Transactions with Affiliates

         Generally, transactions between a savings association or its
subsidiaries and its affiliates are required to be on terms as favorable to the
association as transactions with non-affiliates. In addition, certain of these
transactions, such as loans to an affiliate, are restricted to a percentage of
the association's capital. Affiliates of Peoples Federal include the Holding
Company and any company which is under common control with the Association. In
addition, a savings association may not lend to any affiliate engaged in
activities not permissible for a bank holding company or acquire the securities
of most affiliates. The OTS has the discretion to treat subsidiaries of savings
associations as affiliates on a case by case basis.

         Certain transactions with directors, officers or controlling persons
are also subject to conflict of interest regulations enforced by the OTS. These
conflict of interest regulations and other statutes also impose restrictions on
loans to such persons and their related interests. Among other things, such
loans must be made on terms substantially the same as for loans to unaffiliated
individuals.

Holding Company Regulation

         The Holding Company will be a unitary savings and loan holding company
subject to regulatory oversight by the OTS. As such, the Holding Company is
required to register and file reports with the OTS and is subject to regulation
and examination by the OTS. In addition, the OTS has enforcement authority over
the Holding Company and its non-savings association subsidiaries which also
permits the OTS to restrict or prohibit activities that are determined to be a
serious risk to the subsidiary savings association.
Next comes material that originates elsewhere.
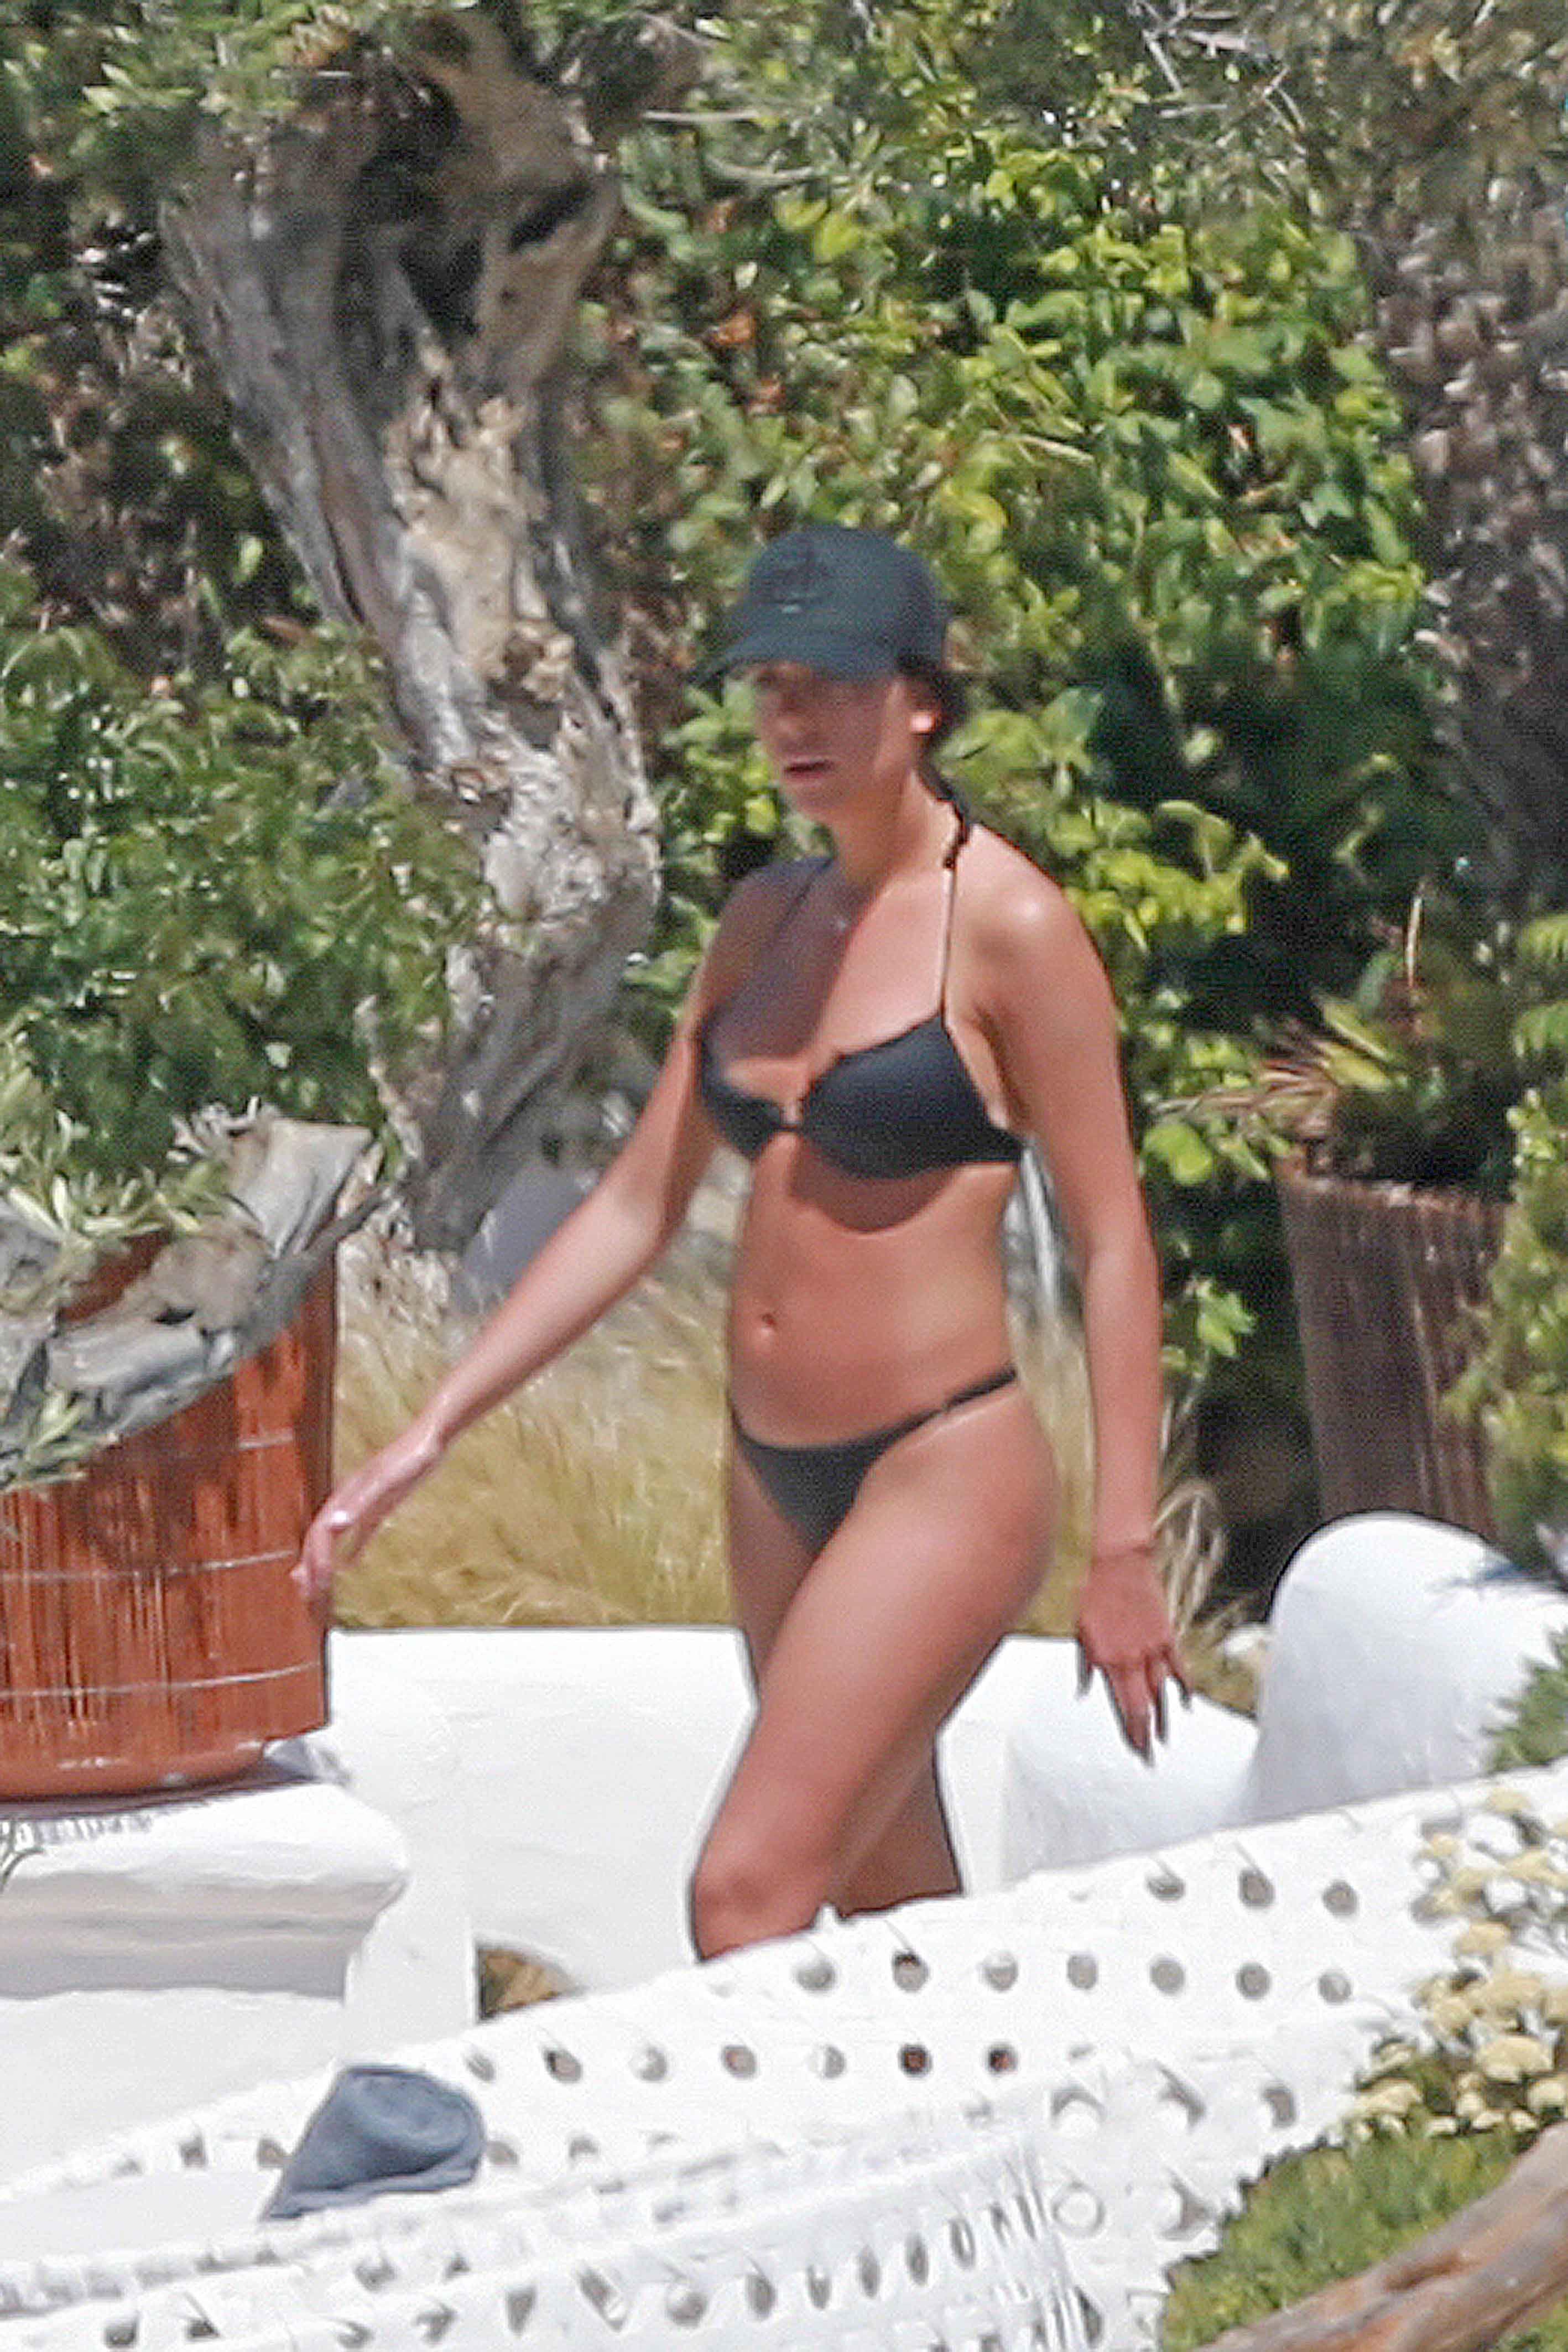 wife bikini pic post

         As a unitary savings and loan holding company, the Holding Company
generally is not subject to activity restrictions. If the Holding Company
acquires control of another savings association as a separate subsidiary, it
would become a multiple savings and loan holding company, and the activities of
the Holding Company and any of its subsidiaries (other than Peoples Federal or
any other SAIF-insured savings association) would become subject to such
restrictions unless such other associations each qualify as a QTL and were
acquired in a supervisory acquisition.

         If Peoples Federal fails the QTL test, the Holding Company must obtain
the approval of the OTS prior to continuing after such failure, directly or
through its other subsidiaries, any business activity other than those approved
for multiple savings and loan holding companies or their subsidiaries. In
addition, within one year of such failure the Holding Company must

                                       78

<PAGE>



register as, and will become subject to, the restrictions applicable to bank
holding companies. The activities authorized for a bank holding company are more
limited than are the activities authorized for a unitary or multiple savings and
loan holding company. See "--Qualified Thrift Lender Test."

         The Holding Company must obtain approval from the OTS before acquiring
control of any other SAIF-insured association. Such acquisitions are generally
prohibited if they result in a multiple savings and loan holding company
controlling savings associations in more than one state. However, such
interstate acquisitions are permitted based on specific state authorization or
in a supervisory acquisition of a failing savings association.

Federal Securities Law

         The stock of the Holding Company will be registered with the SEC under
the Securities Exchange Act of 1934, as amended (the "Exchange Act"). The
Holding Company will be subject to the information, proxy solicitation, insider
trading restrictions and other requirements of the SEC under the Exchange Act.

         Holding Company stock held by persons who are affiliates (generally
officers, directors and principal stockholders) of the Holding Company may not
be resold without registration or unless sold in accordance with certain resale
restrictions. If the Holding Company meets specified current public information
requirements, each affiliate of the Holding Company is able to sell in the
public market, without registration, a limited number of shares in any
three-month period.

Federal Reserve System

         The Federal Reserve Board requires all depository institutions to
maintain noninterest bearing reserves at specified levels against their
transaction accounts (primarily checking, NOW and Super NOW checking accounts).
At October 31, 1996, Peoples Federal was in compliance with these reserve
requirements. The balances maintained to meet the reserve requirements imposed
by the Federal Reserve Board may be used to satisfy liquidity requirements that
may be imposed by the OTS. See "--Liquidity."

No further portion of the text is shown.